BeyondWeb: Lessons from Scaling Synthetic Data for Trillion-scale Pretraining
by
Mentzer, Kaleigh
,
Gaza, Bogdan
,
Deng, Alvin
in
Datasets
,
Large language models
,
Synthetic data
2025
Recent advances in large language model (LLM) pretraining have shown that simply scaling data quantity eventually leads to diminishing returns, hitting a data wall. In response, the use of synthetic data for pretraining has emerged as a promising paradigm for pushing the frontier of performance. Despite this, the factors affecting synthetic data quality remain poorly understood. In this work, we introduce BeyondWeb, a synthetic data generation framework that produces high-quality synthetic data for pretraining. BeyondWeb significantly extends the capabilities of traditional web-scale datasets, outperforming state-of-the-art synthetic pretraining datasets such as Cosmopedia and Nemotron-CC's high-quality synthetic subset (Nemotron-Synth) by up to 5.1 percentage points (pp) and 2.6pp, respectively, when averaged across a suite of 14 benchmark evaluations.
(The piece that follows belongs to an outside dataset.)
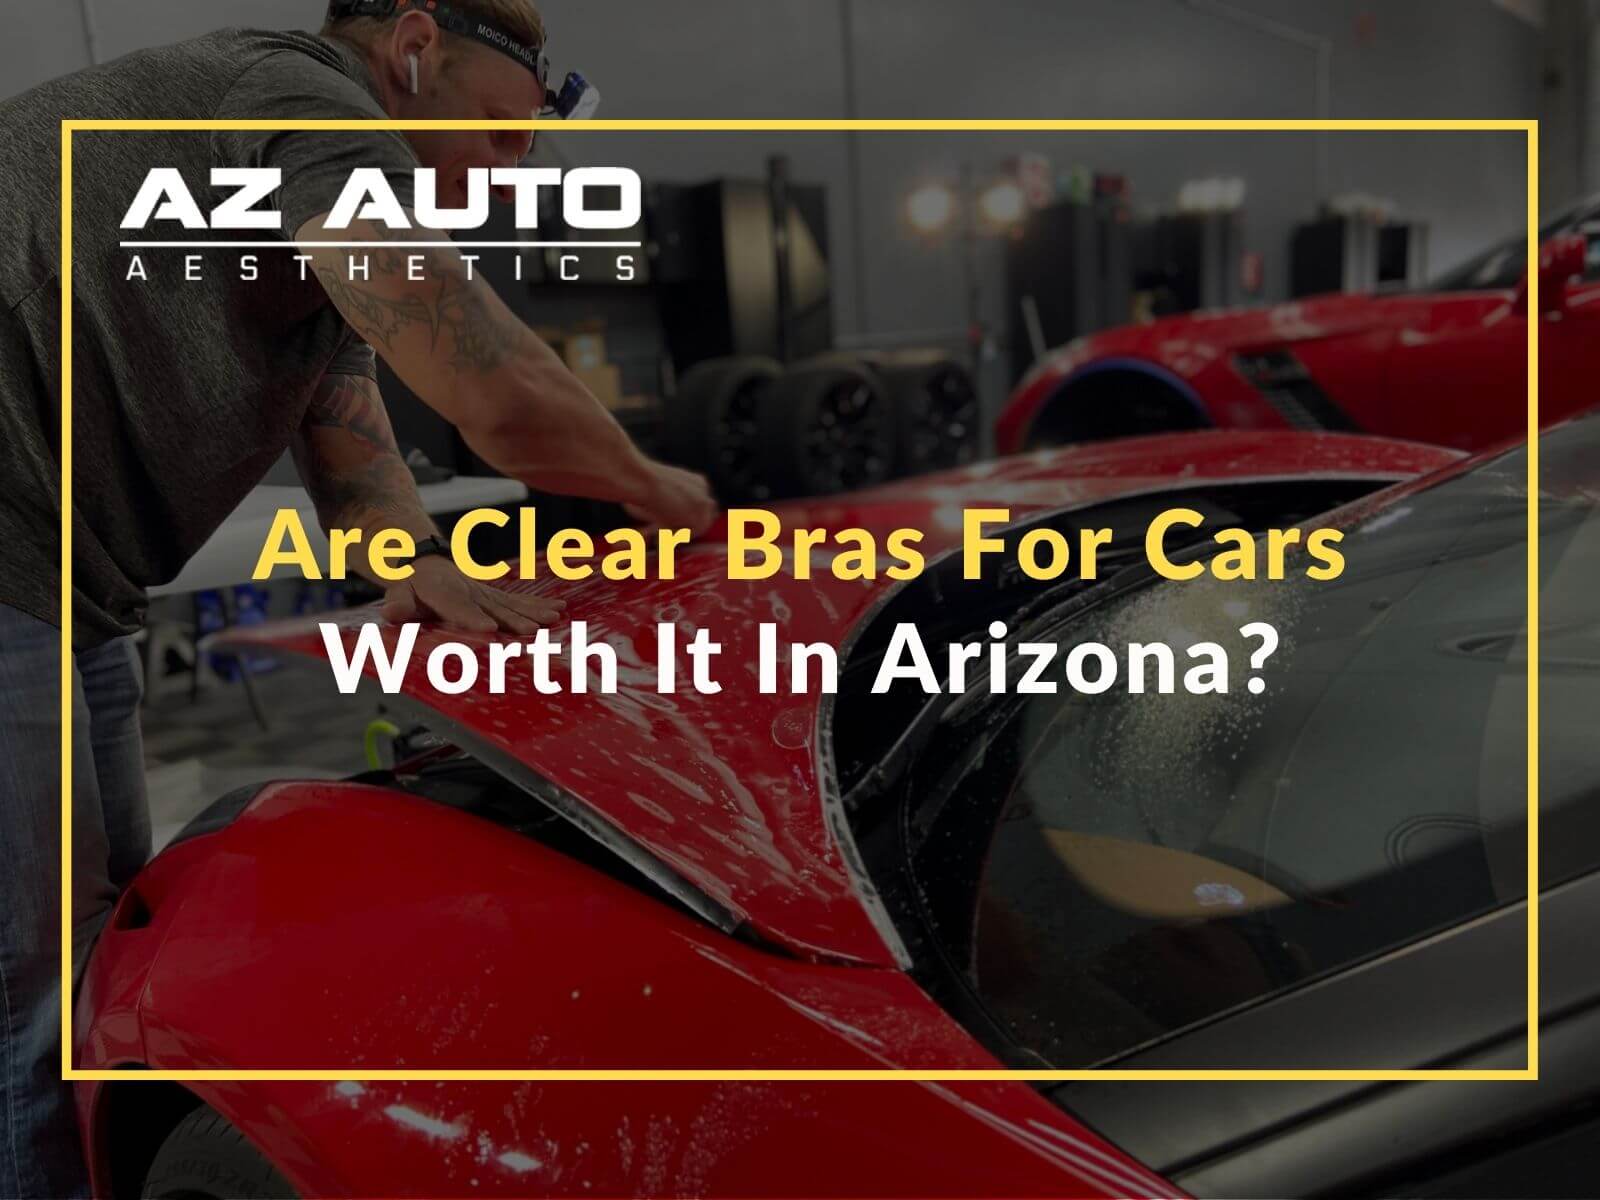 https://wedetailaz.com/wp-content/uploads/2021/08/are-clear-bras-for-cars-worth-it-in-arizona-featured.jpg

It delivers up to 7.7x faster training than open web data and 2.7x faster than Nemotron-Synth. Remarkably, a 3B model trained for 180B tokens on BeyondWeb outperforms an 8B model trained for the same token budget on Cosmopedia. We also present several insights from BeyondWeb on synthetic data for pretraining: what drives its benefits, which data to rephrase and how, and the impact of model size and family on data quality. Overall, our work shows that there's no silver bullet for generating high-quality synthetic pretraining data. The best outcomes require jointly optimizing many factors, a challenging task that requires rigorous science and practical expertise. Naive approaches can yield modest improvements, potentially at great cost, while well-executed methods can yield transformative improvements, as exemplified by BeyondWeb.